### PROBLEM TO SOLVE
All that is wanted is the exact text of the lines below from the one with "Shooting at Howe" through the one with "Workers stand near", inclusive, minus any pictures.

DATA PROVIDED START

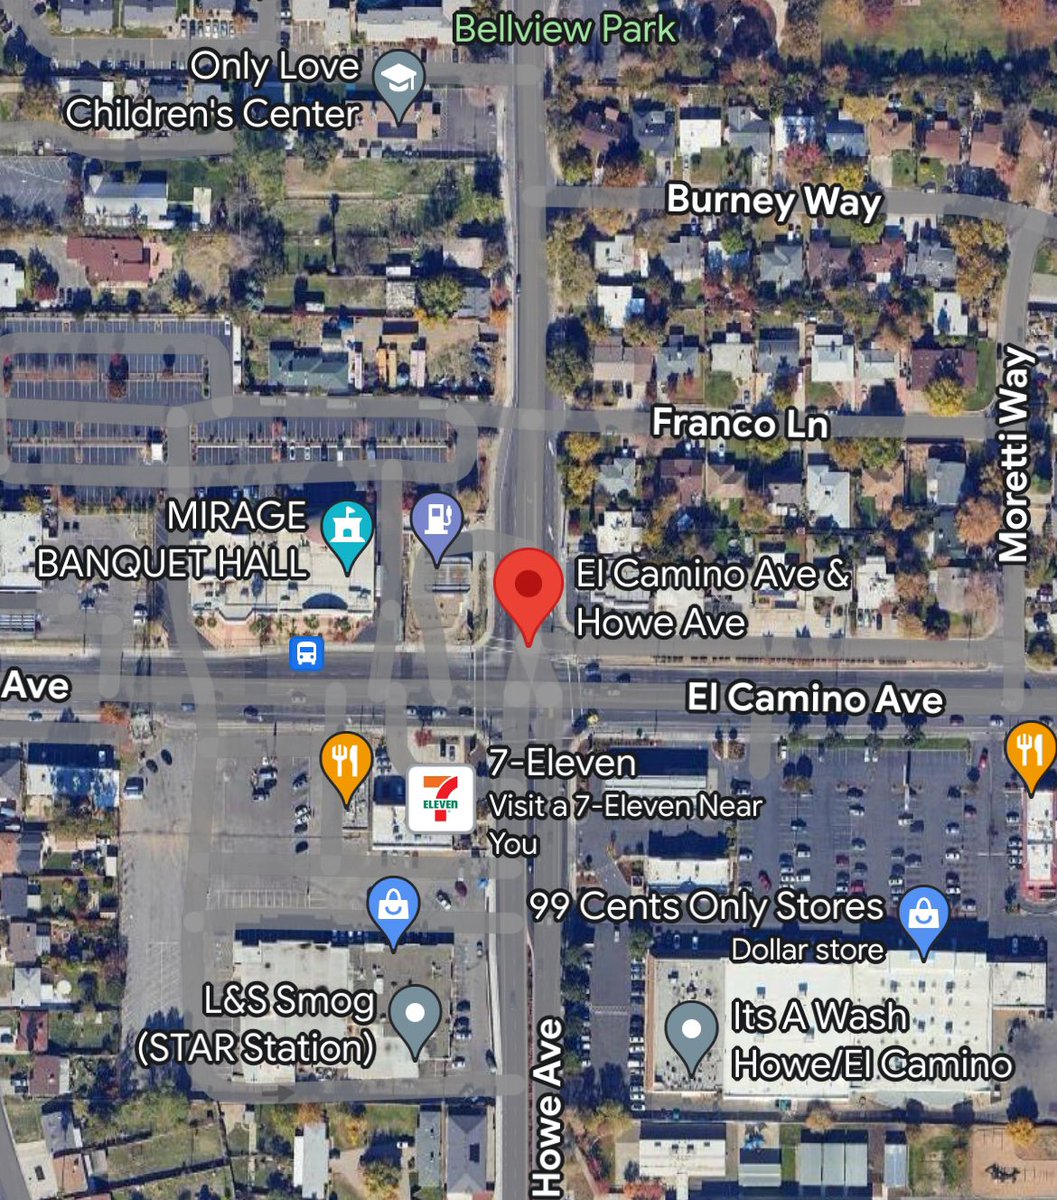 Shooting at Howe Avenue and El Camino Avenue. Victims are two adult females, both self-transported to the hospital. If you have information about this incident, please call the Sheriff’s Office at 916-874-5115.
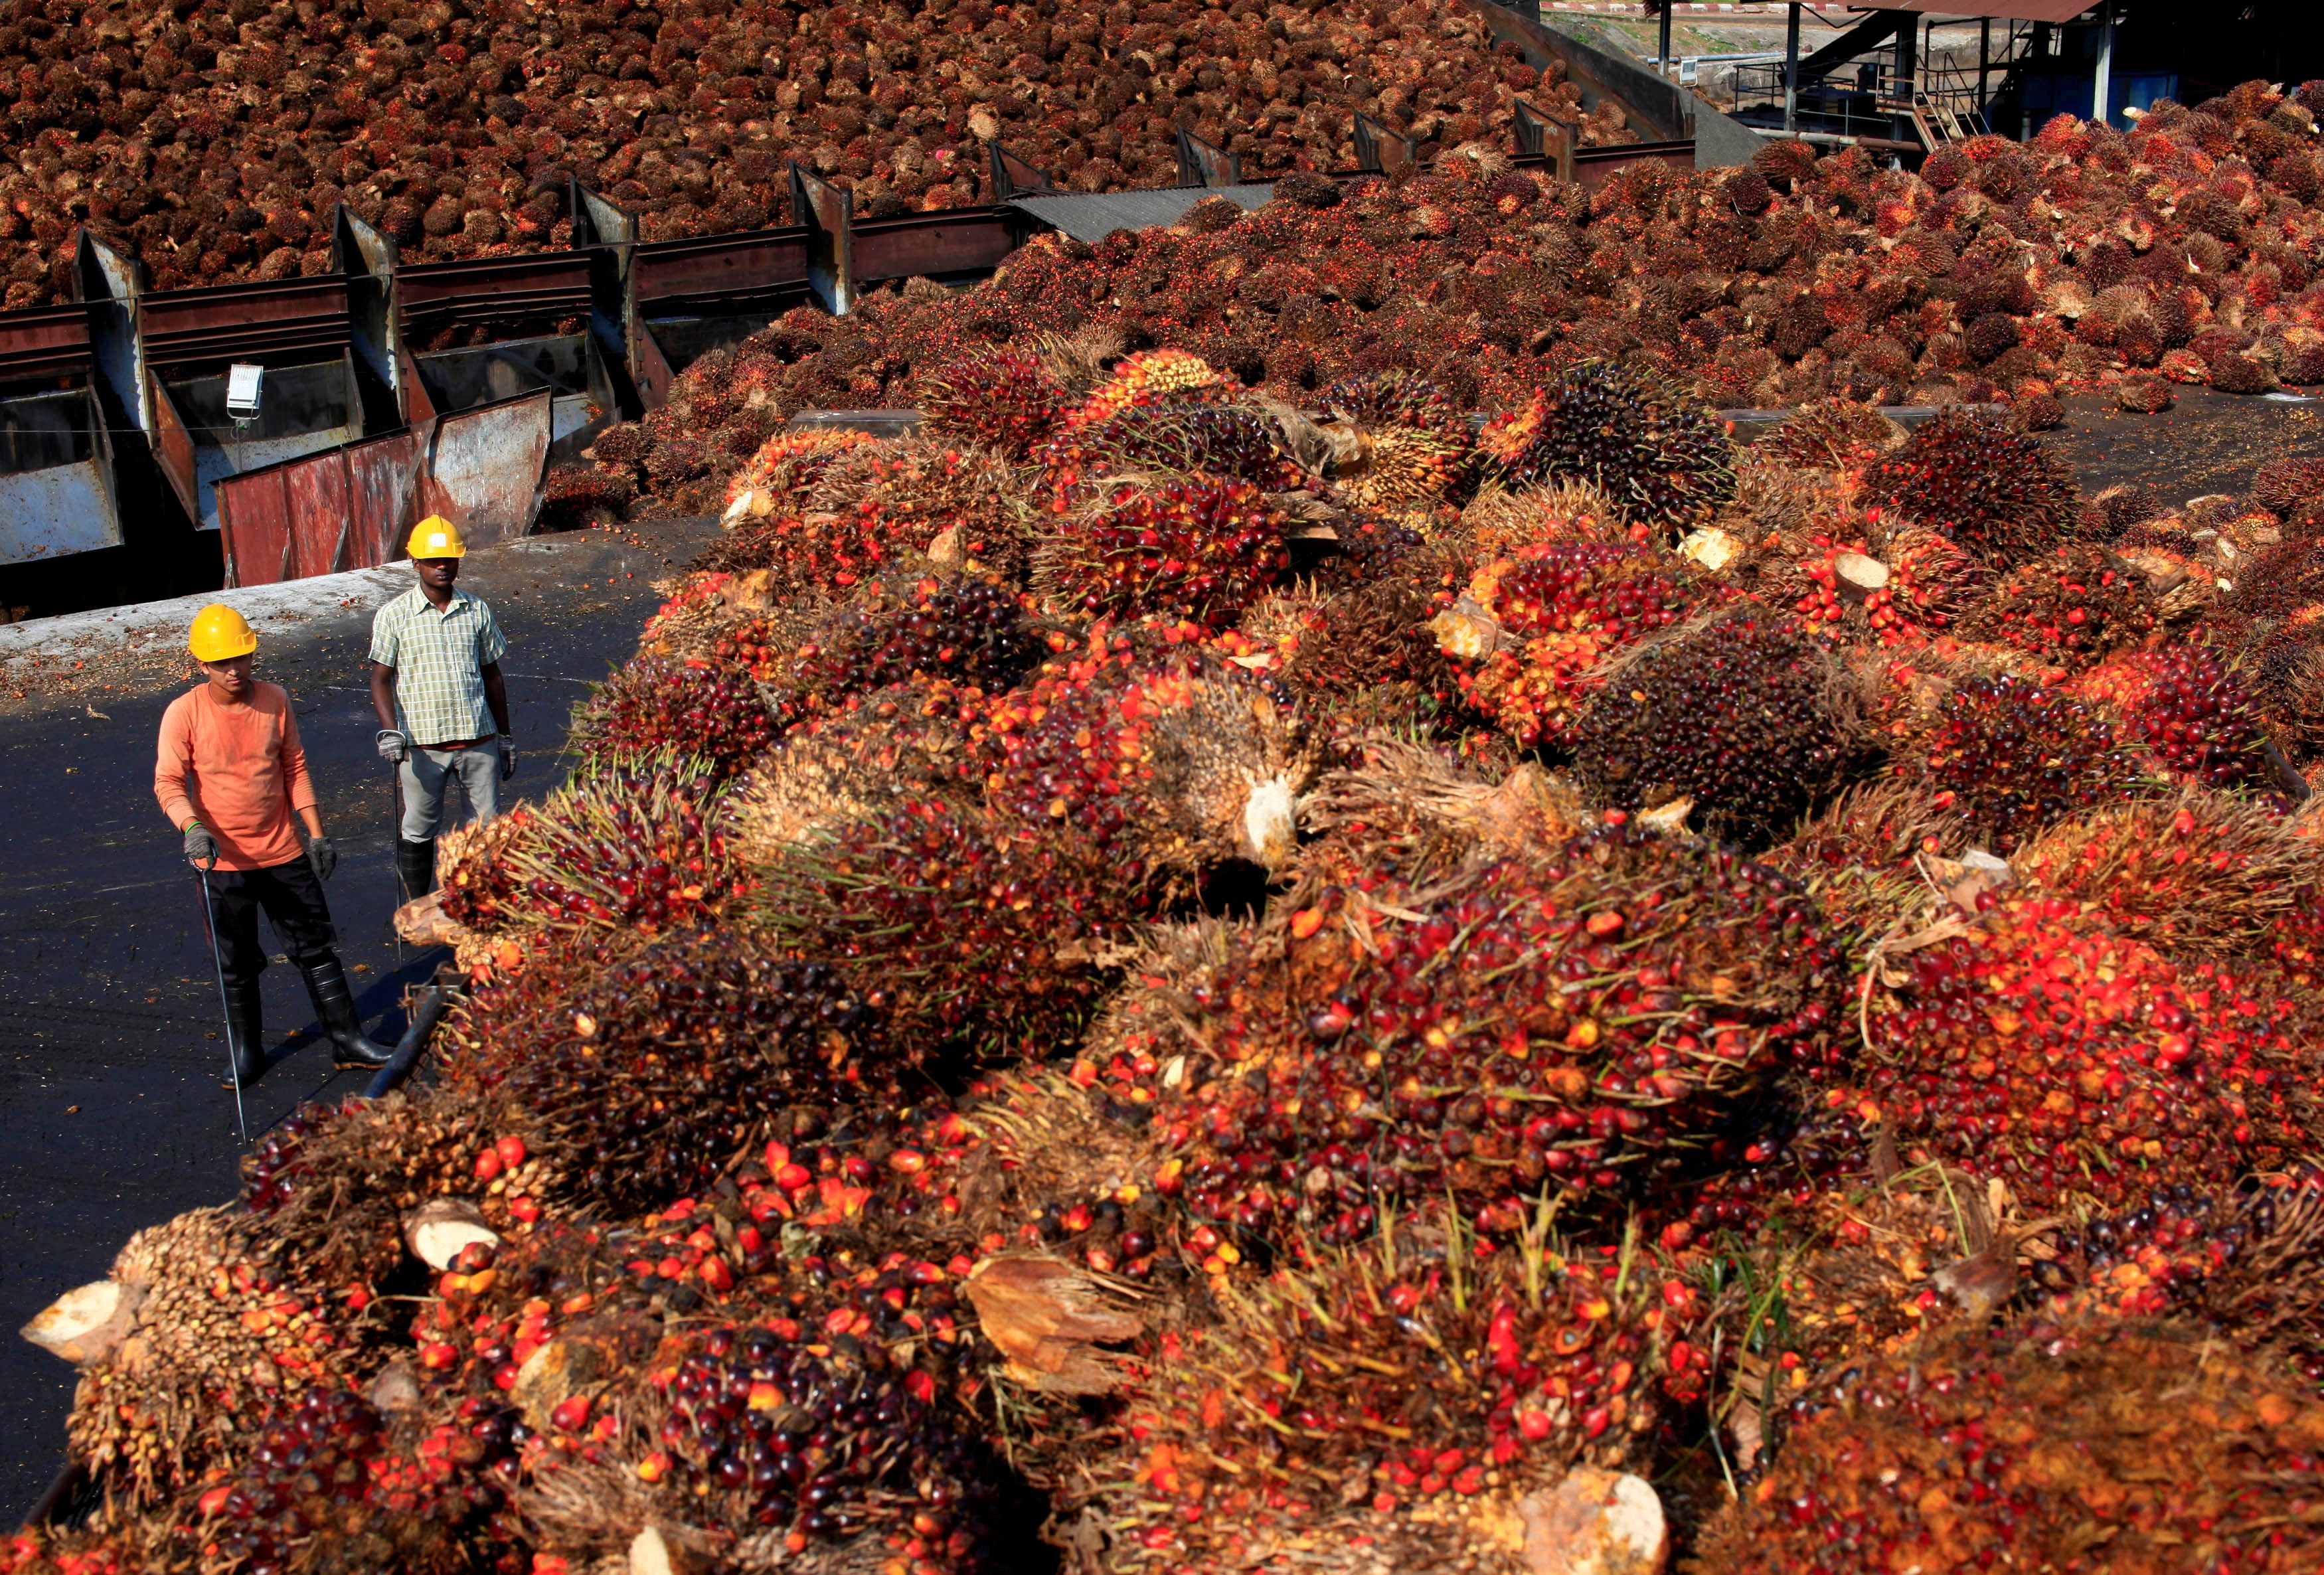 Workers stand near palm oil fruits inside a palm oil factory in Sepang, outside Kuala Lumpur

DATA PROVIDED END
DATA PROVIDED START

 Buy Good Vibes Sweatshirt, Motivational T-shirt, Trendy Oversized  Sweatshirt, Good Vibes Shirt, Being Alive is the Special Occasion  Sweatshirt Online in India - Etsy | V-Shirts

DATA PROVIDED END

### TASK ANSWER
 Shooting at Howe Avenue and El Camino Avenue. Victims are two adult females, both self-transported to the hospital. If you have information about this incident, please call the Sheriff’s Office at 916-874-5115.
 Workers stand near palm oil fruits inside a palm oil factory in Sepang, outside Kuala Lumpur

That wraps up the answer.